İzmir, tarihinin en sıkıntılı dönemlerinden birini geçiriyor. Bu sıkıntıyı büyütense ülkenin de kendi tarihinin en sıkıntılı dönemlerinden birini geçiriyor olması...
Bir İngiliz atasözü, ''Atın belini kıran saman çöpü'' der.
Hiç saman çöpü atın belini kırar mı?
Kırar...
İşte Büyükşehir'le başlayan, Buca'ya ve Karabağlar'a sıçrayan, yakında büyük bir olasılıkla kentin tamamını etkisi altına alacak olan ''Çöp kokulu hava'' böyle sıkıntılı bir sürecin ayak seslerinden başka bir şey değil...
Bu kavgada, bu rekabette, bu çekişmede emeğin yanında değil aksine tam karşısındayım.
Çünkü bu savaş, Engels'in sınırlarını çizdiği bir sahada, Marks'ın kurallarını koyduğu bir oyun değil.
Klasik solcu mantığıyla ''Sermaye-Emek'' çekişmesi yok karşımızda.
Ne var?
Parti-Belediye-Sendika üçgeninde yaratılmış hormonlu bir canavar var.
Bir kişinin yapacağı işe 10 kişilik kadro açmak var.
Oturduğu yerden maaş alan bir kitle yaratmak var.
Maaş günü ATM'lere koşmak dışında işlevi olmayan bir güruh var.
Bu kavgada artık sırtındaki saman çöpünü bile taşıyamayacak hale gelmiş kentler var.
Her kongre sürecinde akın akın belediyelere doldurulmuş insanları bu kent taşımak zorunda değil.
Bunun emek dostluğu ya da emek düşmanlığıyla ilgisi yok.

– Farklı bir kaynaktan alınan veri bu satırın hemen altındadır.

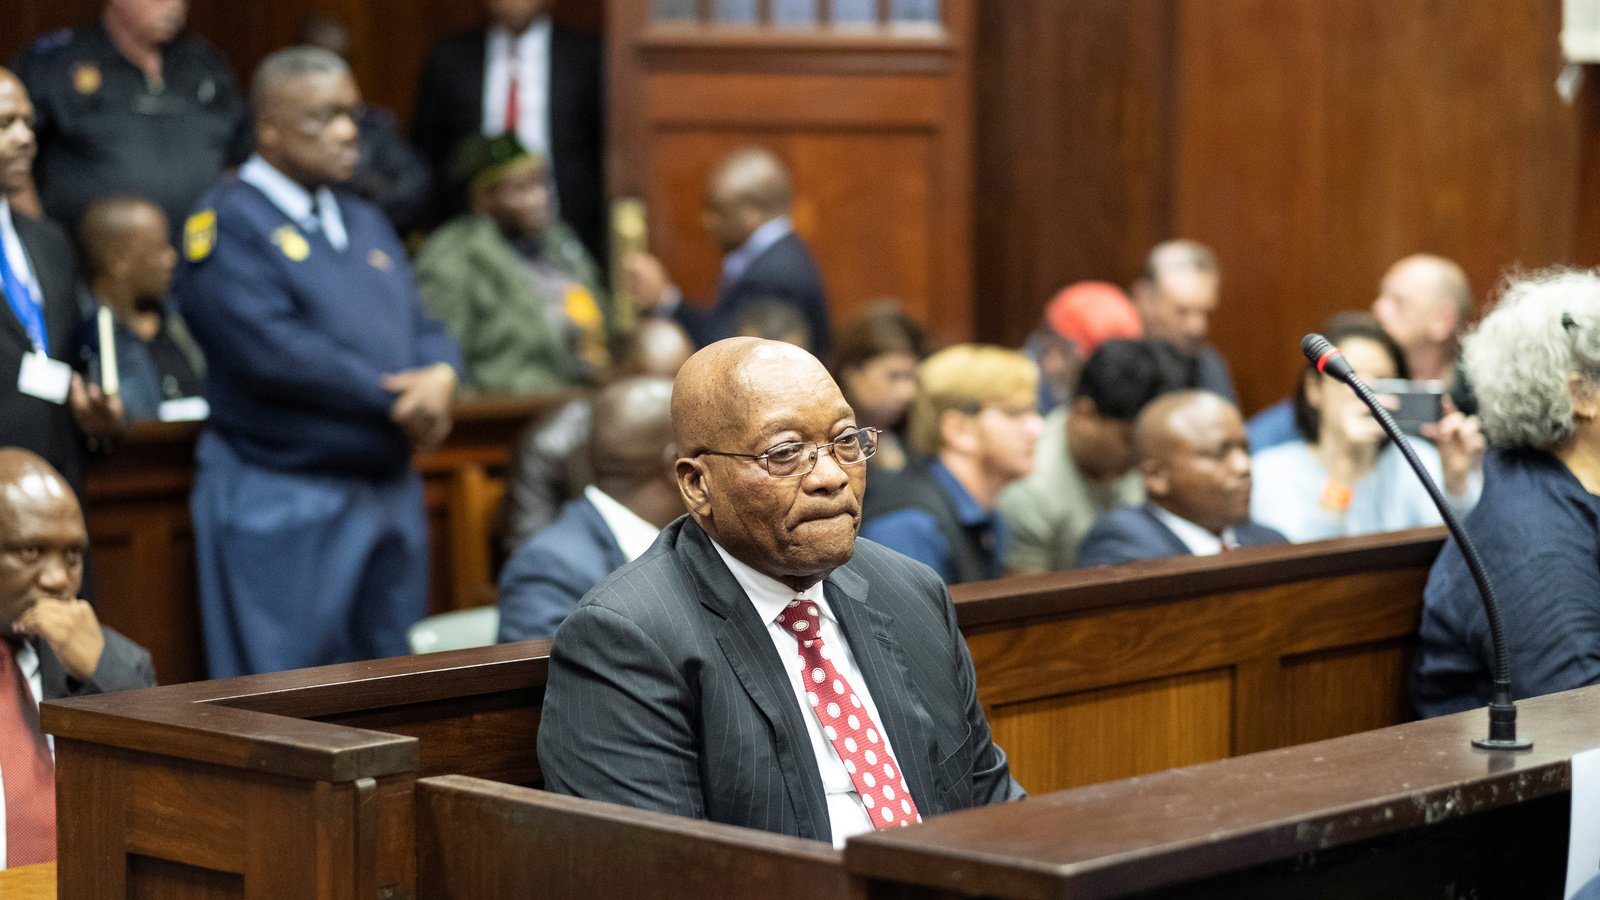 Jacob Zuma in court. PHOTO/COURTESY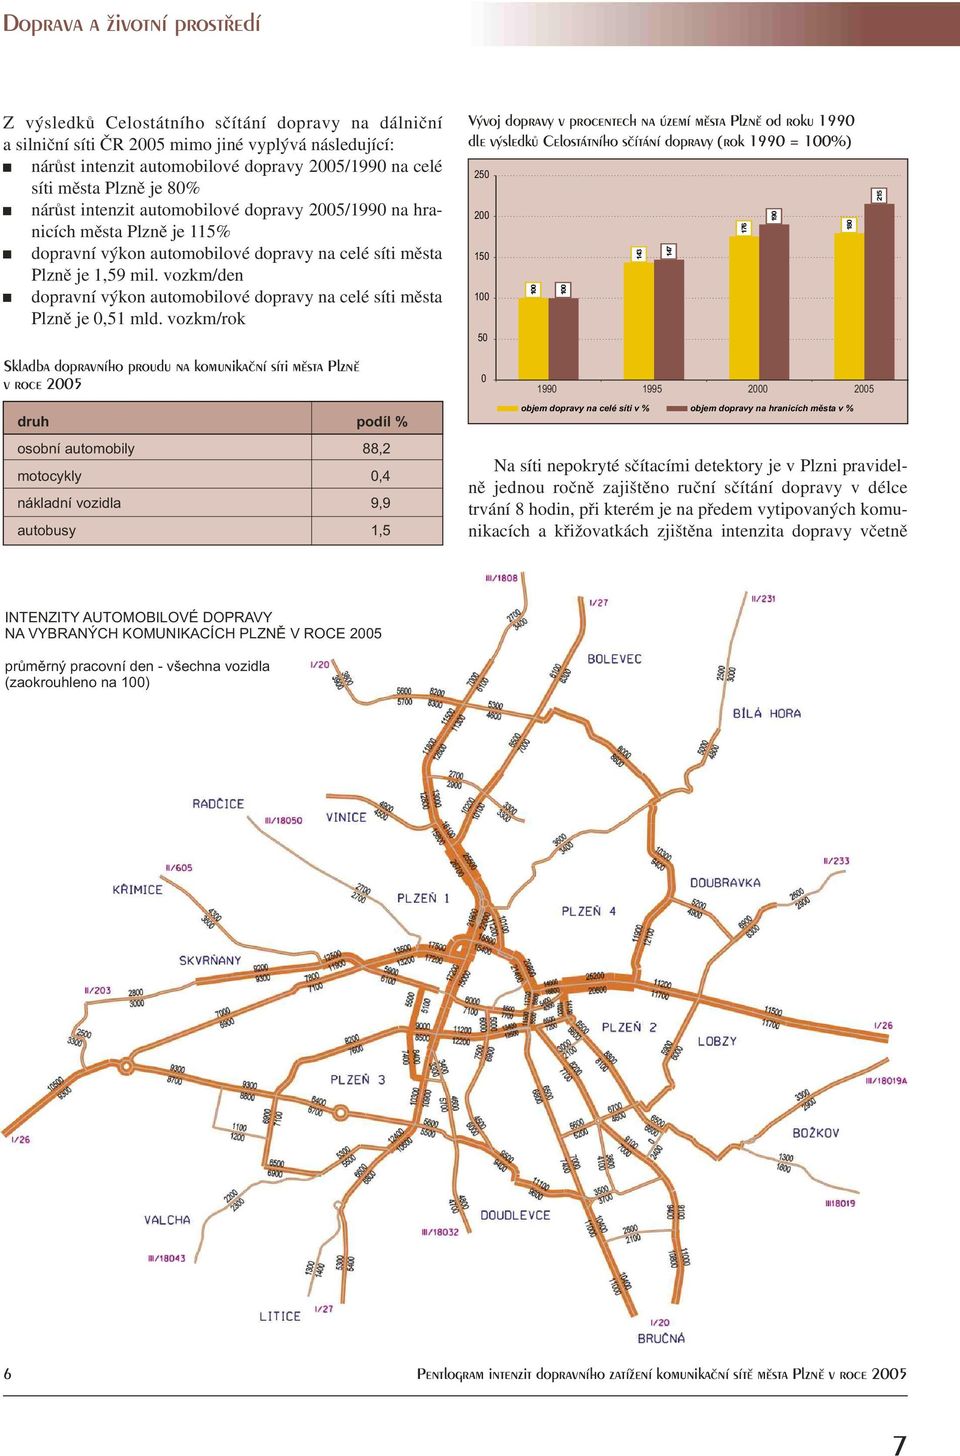 vozkm/den dopravní výkon automobilové dopravy na celé síti mìsta Plznì je 0,51 mld.

Laf ebeliği yaparak, bu kente düşmanlık etmenin gereği de hiç yok...
Dikkat ettiniz mi?
Belediyelerde bu kadar kavga, gürültü oluyor, bir tek Allah'ın kulu çıkıp da, ''Ben istifa ediyorum, kendimi özel sektörün sevecen kollarına atıyorum'' demiyor, demeyi aklına bile getirmiyor.
Getirmez, getiremez...
Karl Marks kimseyi, bu kadar aleni bir şekilde ortada olan çarpık bir tabloyu savunmak zorunda kalacak kadar çakma solcu yapmasın...
Beğenmiyorsanız basın istifayı, kapı orada...
Özel sektörde milyonlarca insanın keyfi nasıl yerinde, bildiğiniz gibi değil...
Bu arada, emek tarafı işin suyunu çıkarıyor da diğer taraflar boş duruyor sanmayın.
Hala, hem de çoğu kent dışından çatır çatır eleman almaya devam ediyorlar.
Bu kentin mezarlıkları, yatacak yeri olmayanlara yetecek kadar büyük değil...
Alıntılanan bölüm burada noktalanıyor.